:: Data shown
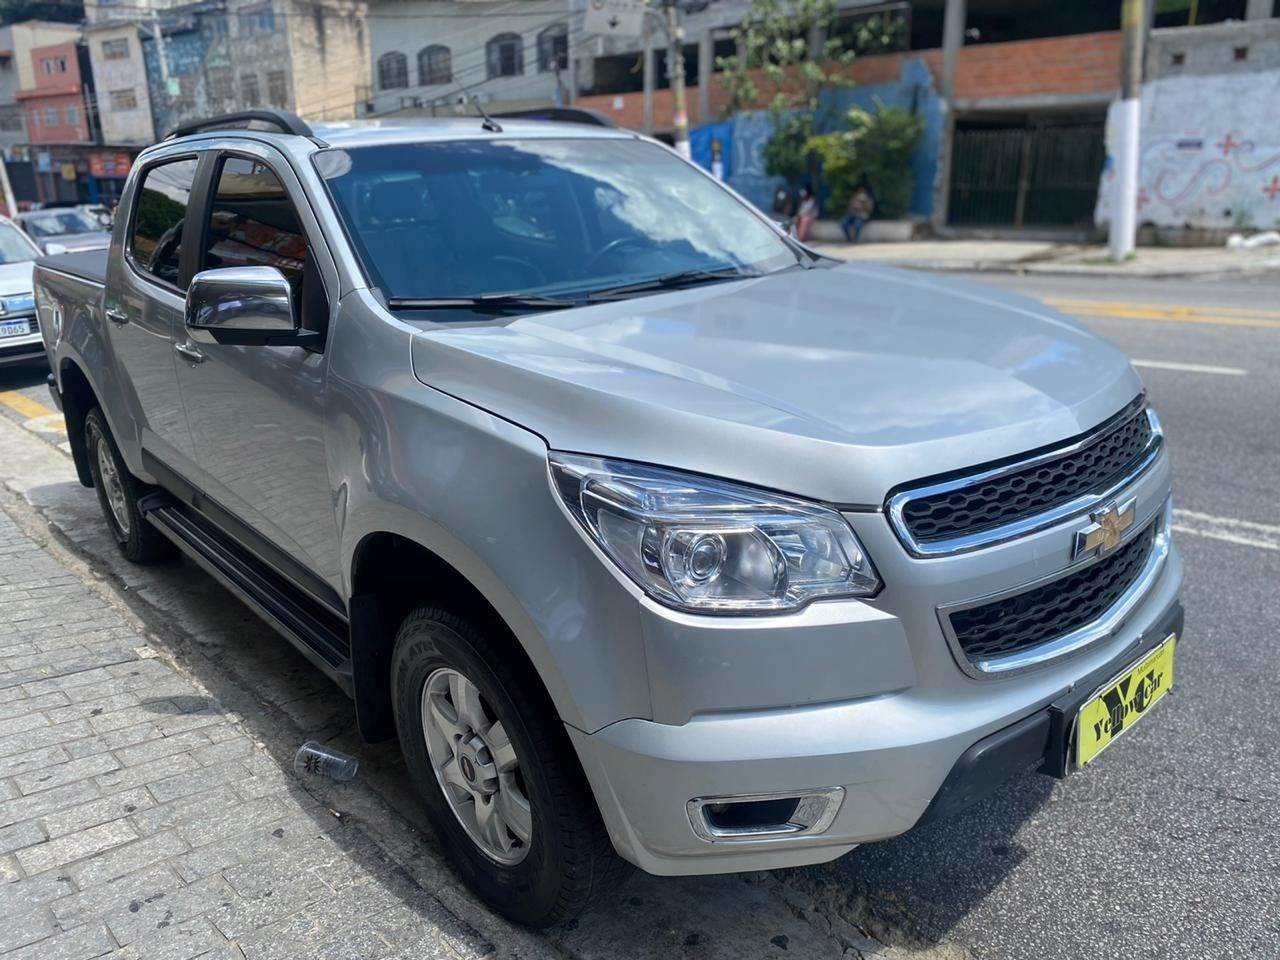 //www.autoline.com.br/carro/chevrolet/s-10-25-cd-ltz-16v-flex-4p-manual/2015/sao-paulo-sp/13909628
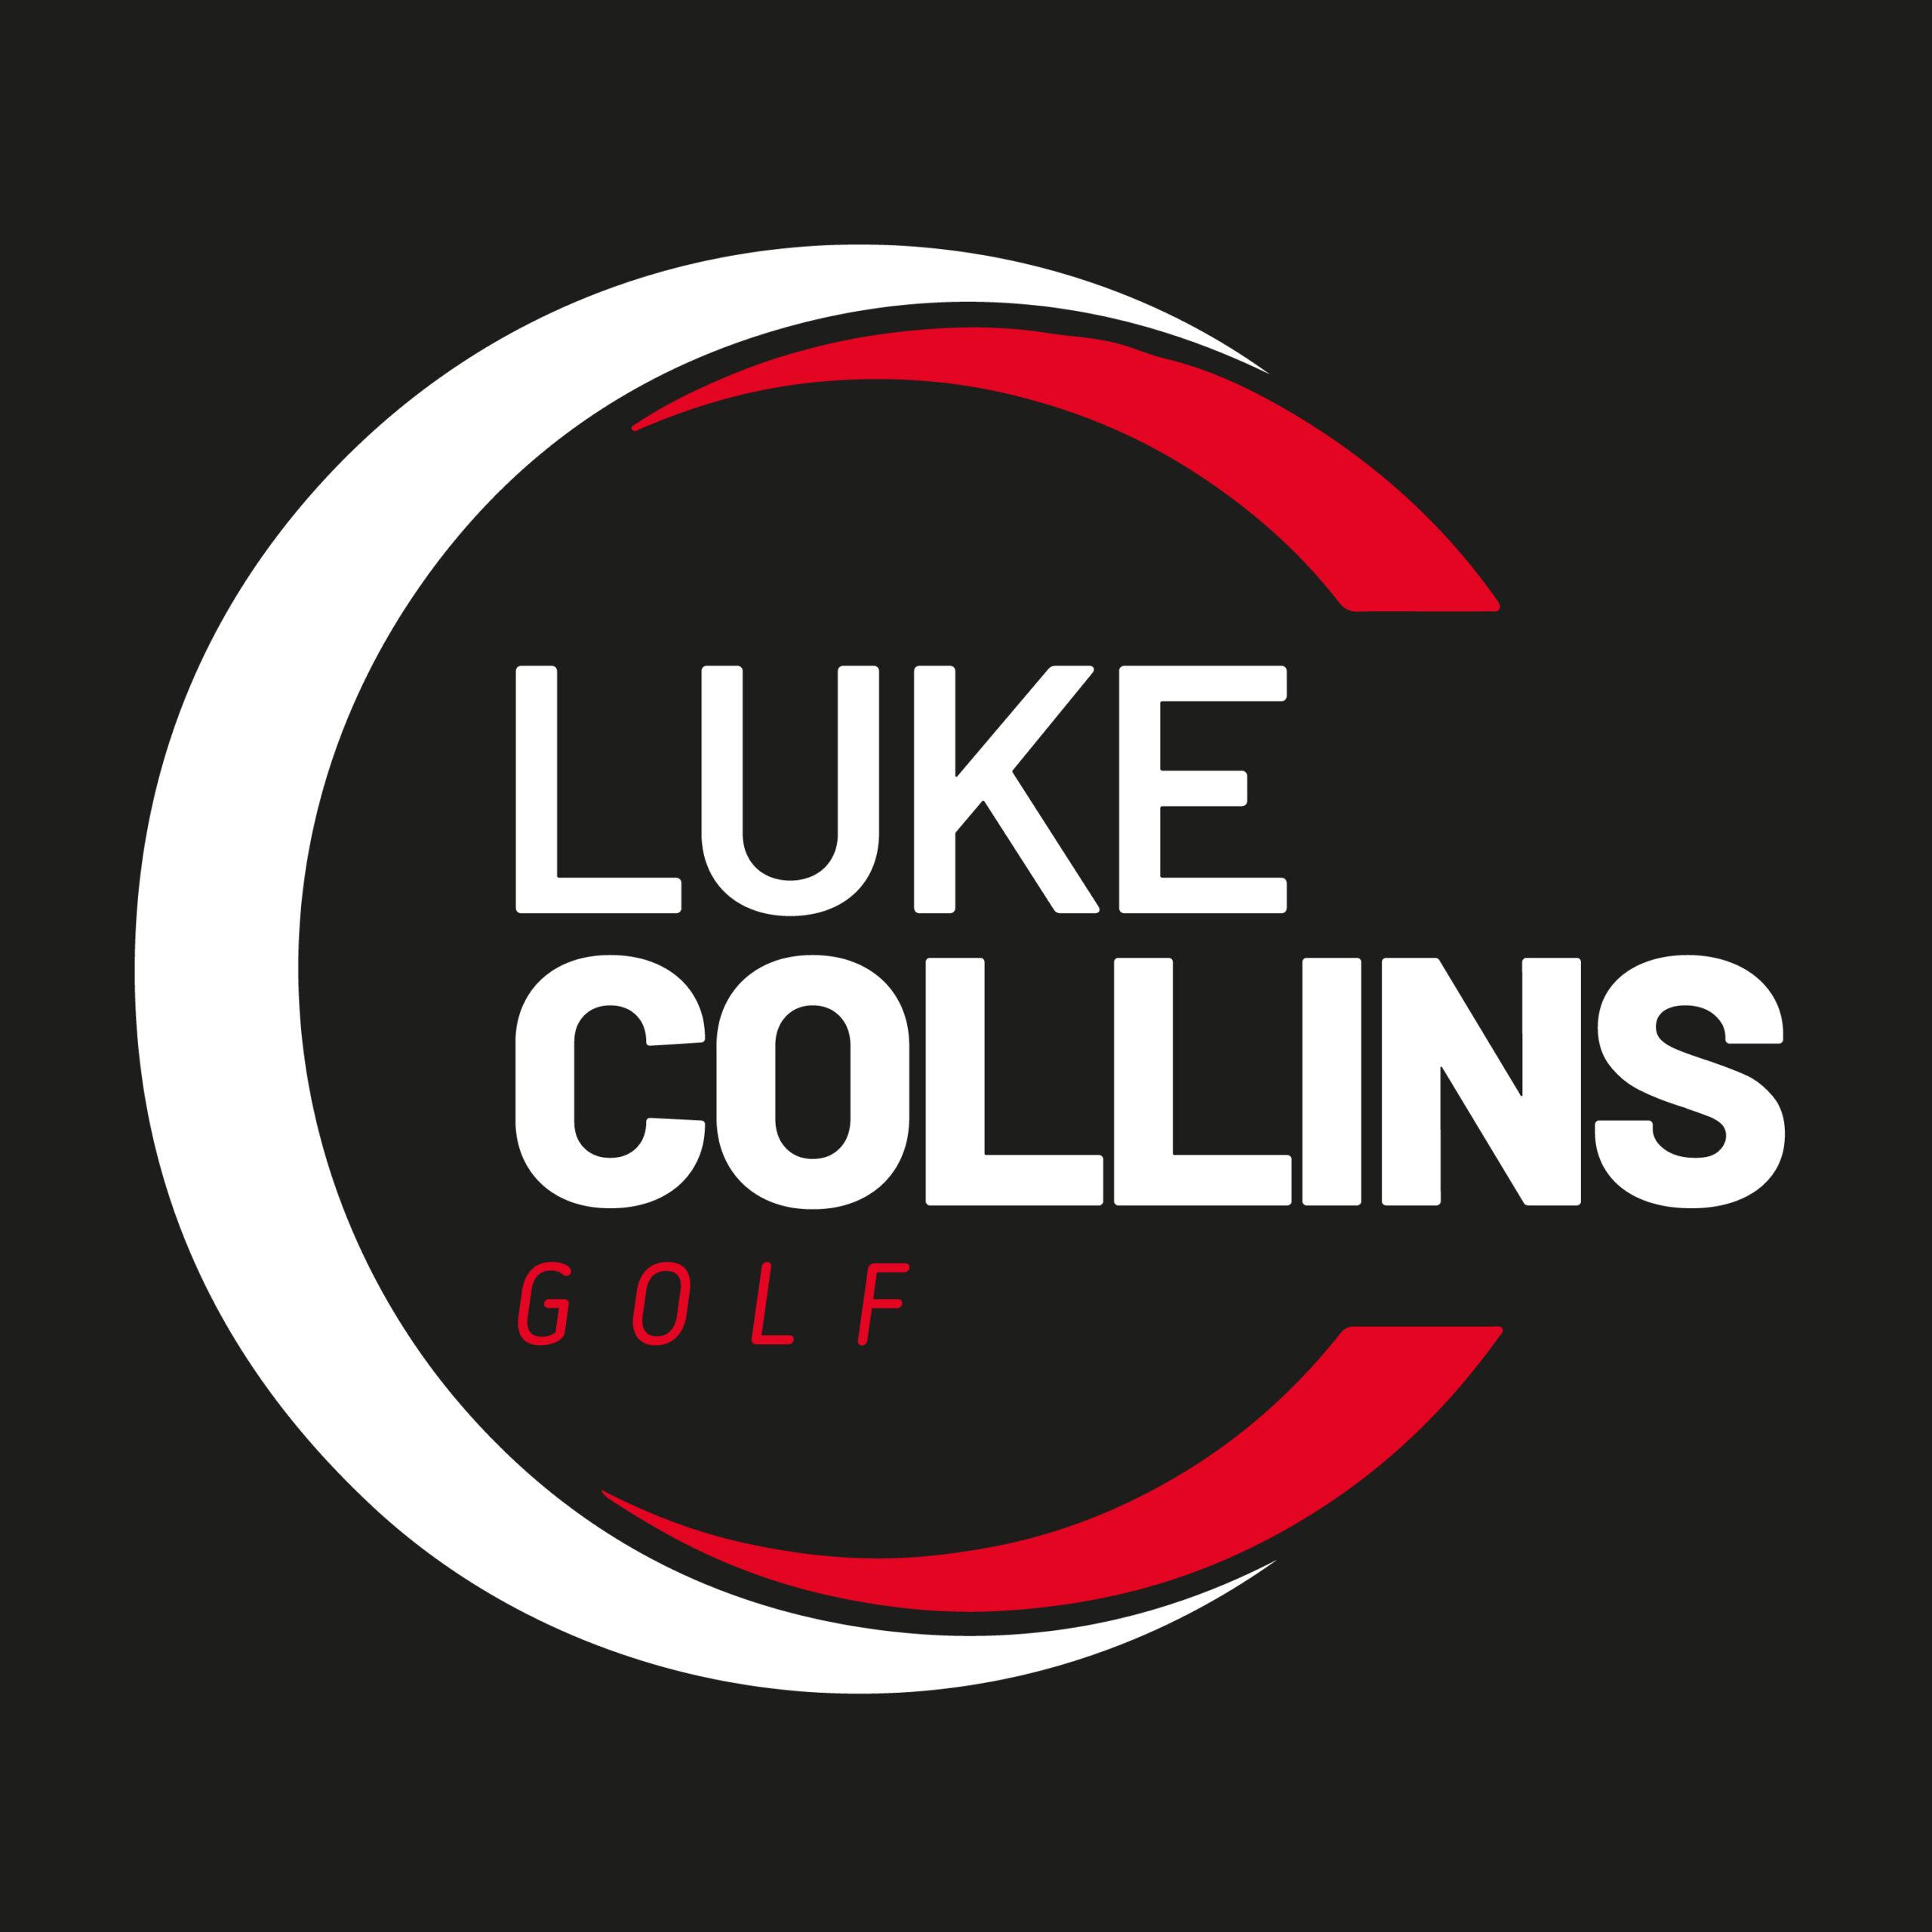 luke collins full size golf logo
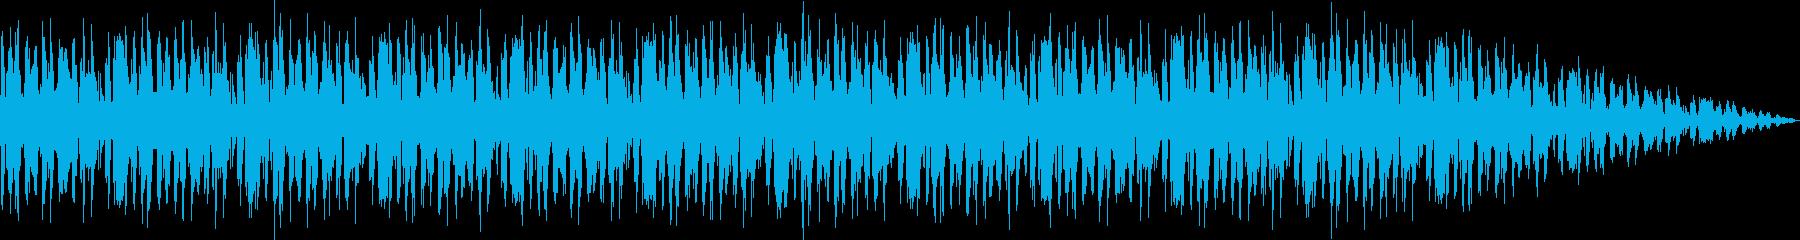 ループコスト、リード。の再生済みの波形
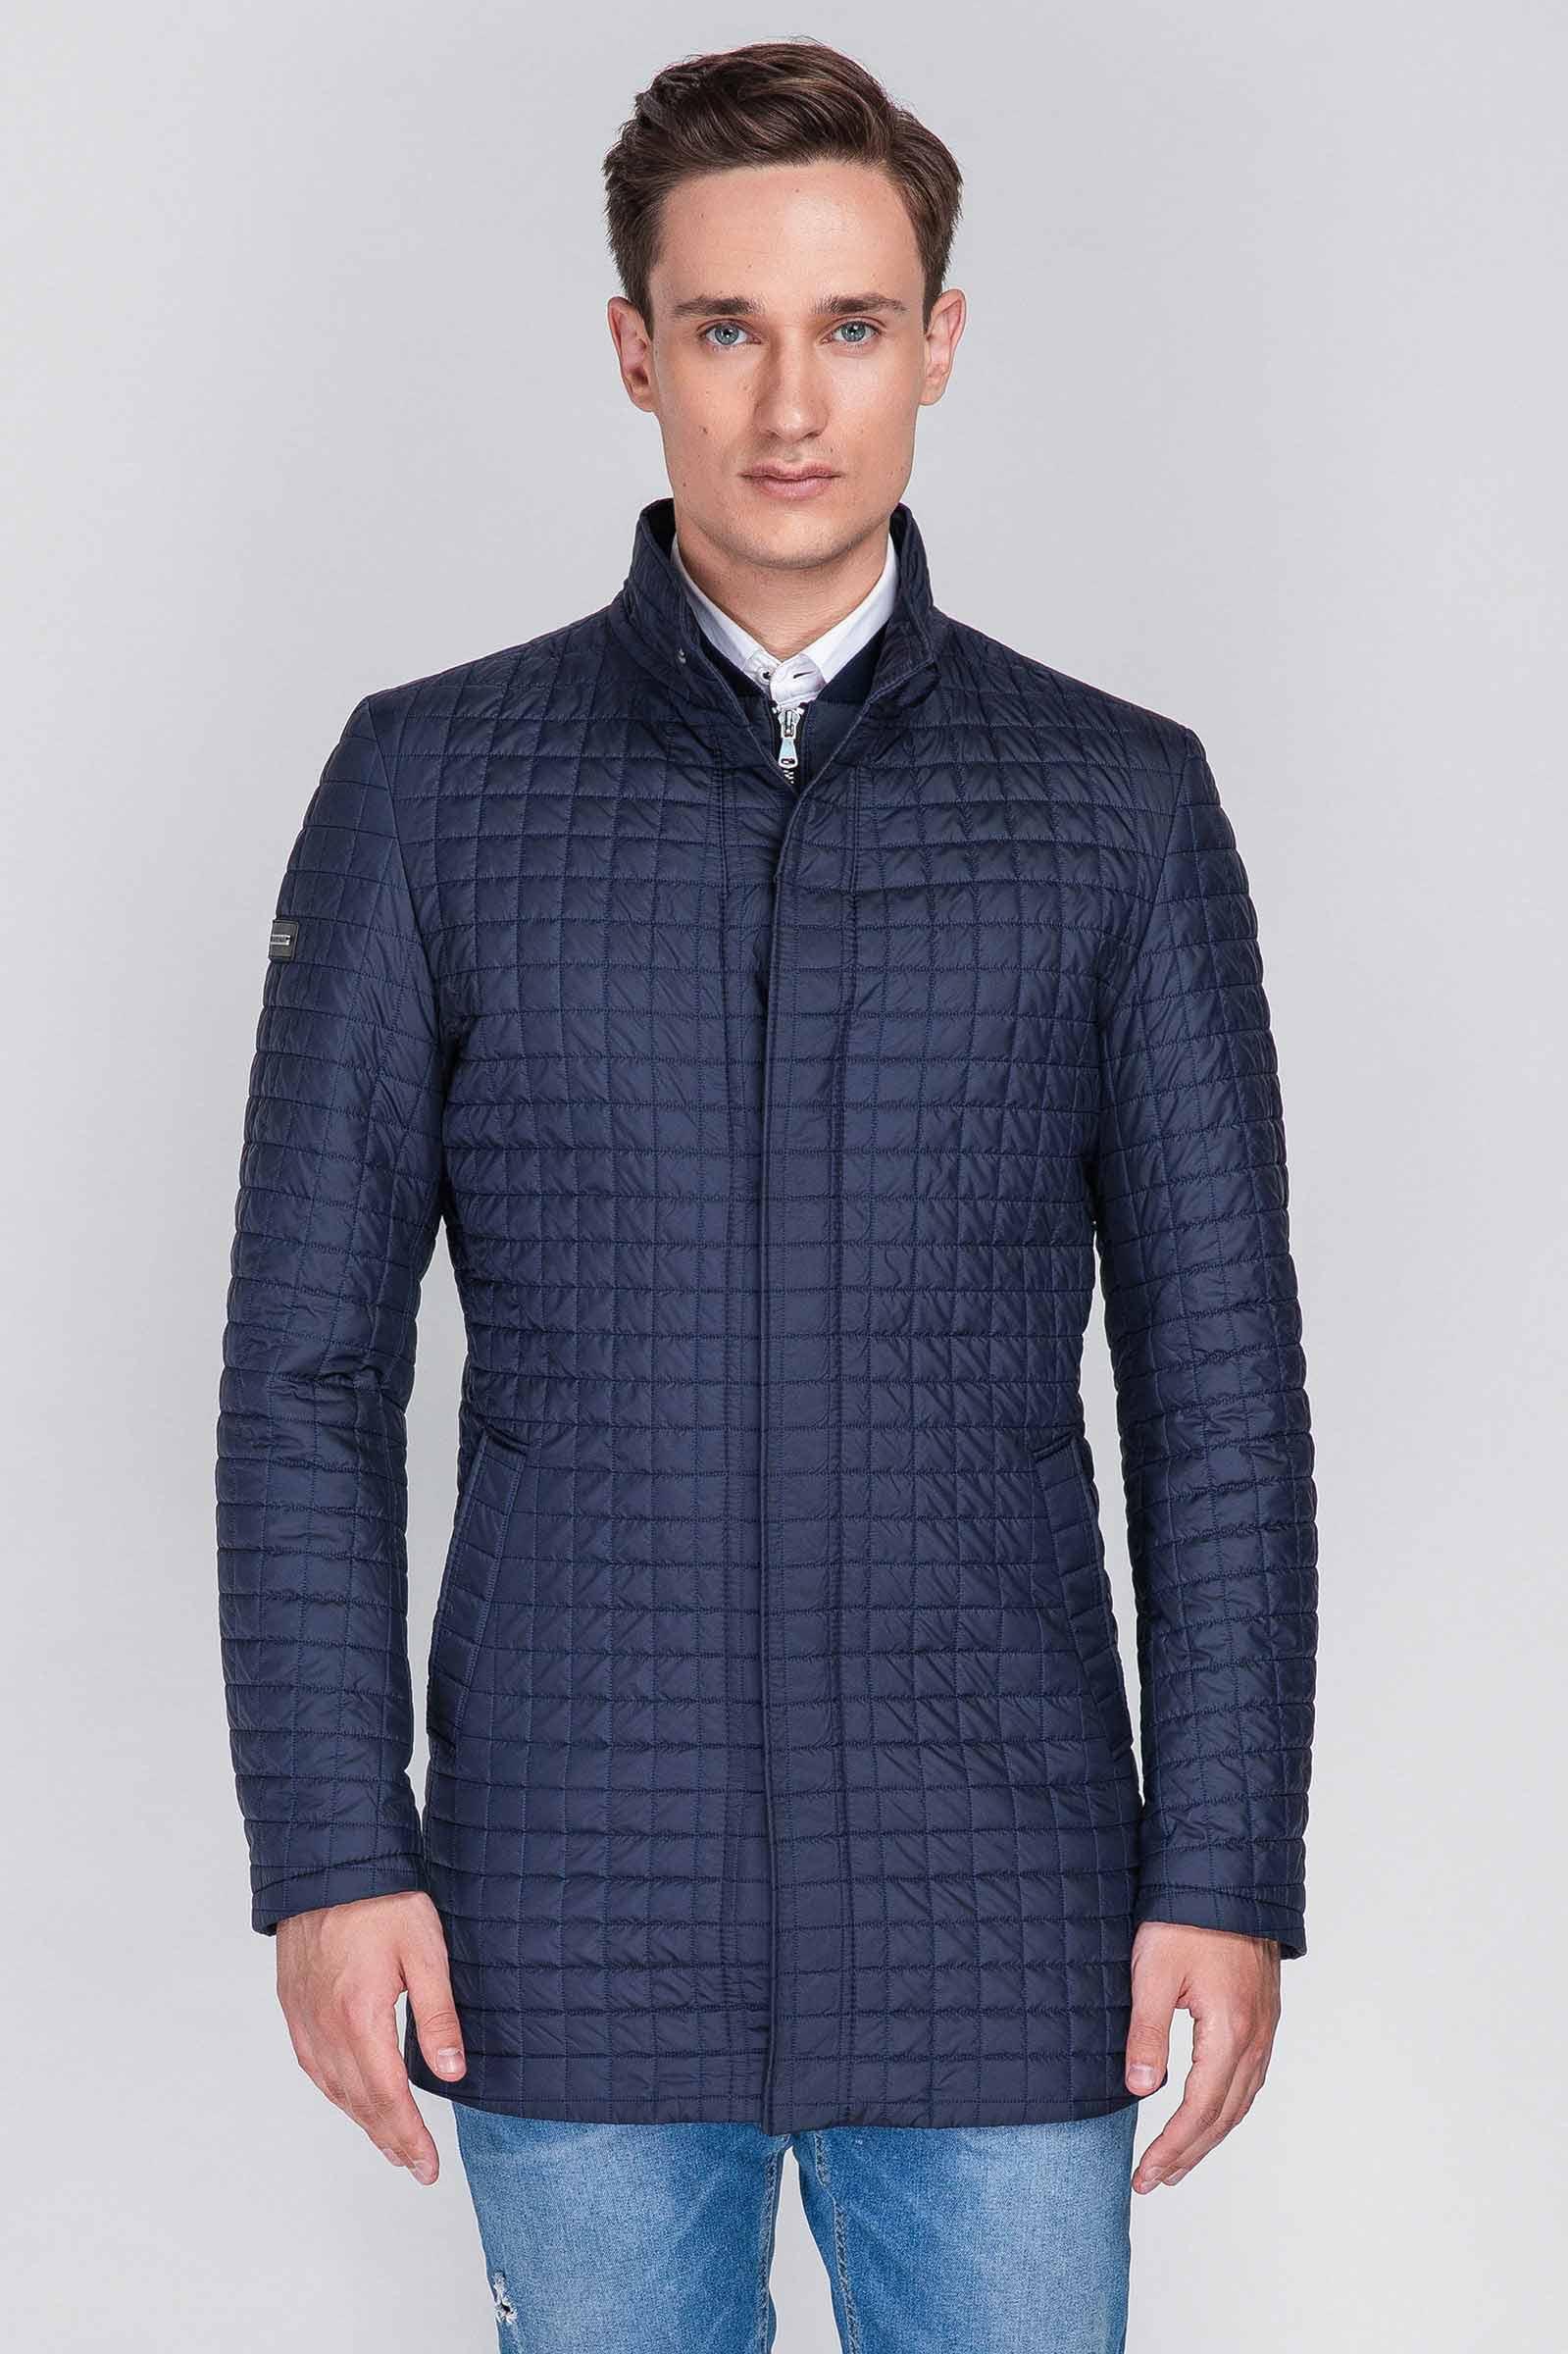 Купить мужскую синюю куртку Днепр - фото
::::
• Brief: Where a picture appears, omit it, and otherwise retype the material exactly.

• Solution to this task:
 //www.autoline.com.br/carro/chevrolet/s-10-25-cd-ltz-16v-flex-4p-manual/2015/sao-paulo-sp/13909628
 luke collins full size golf logo
 ループコスト、リード。の再生済みの波形
 Купить мужскую синюю куртку Днепр - фото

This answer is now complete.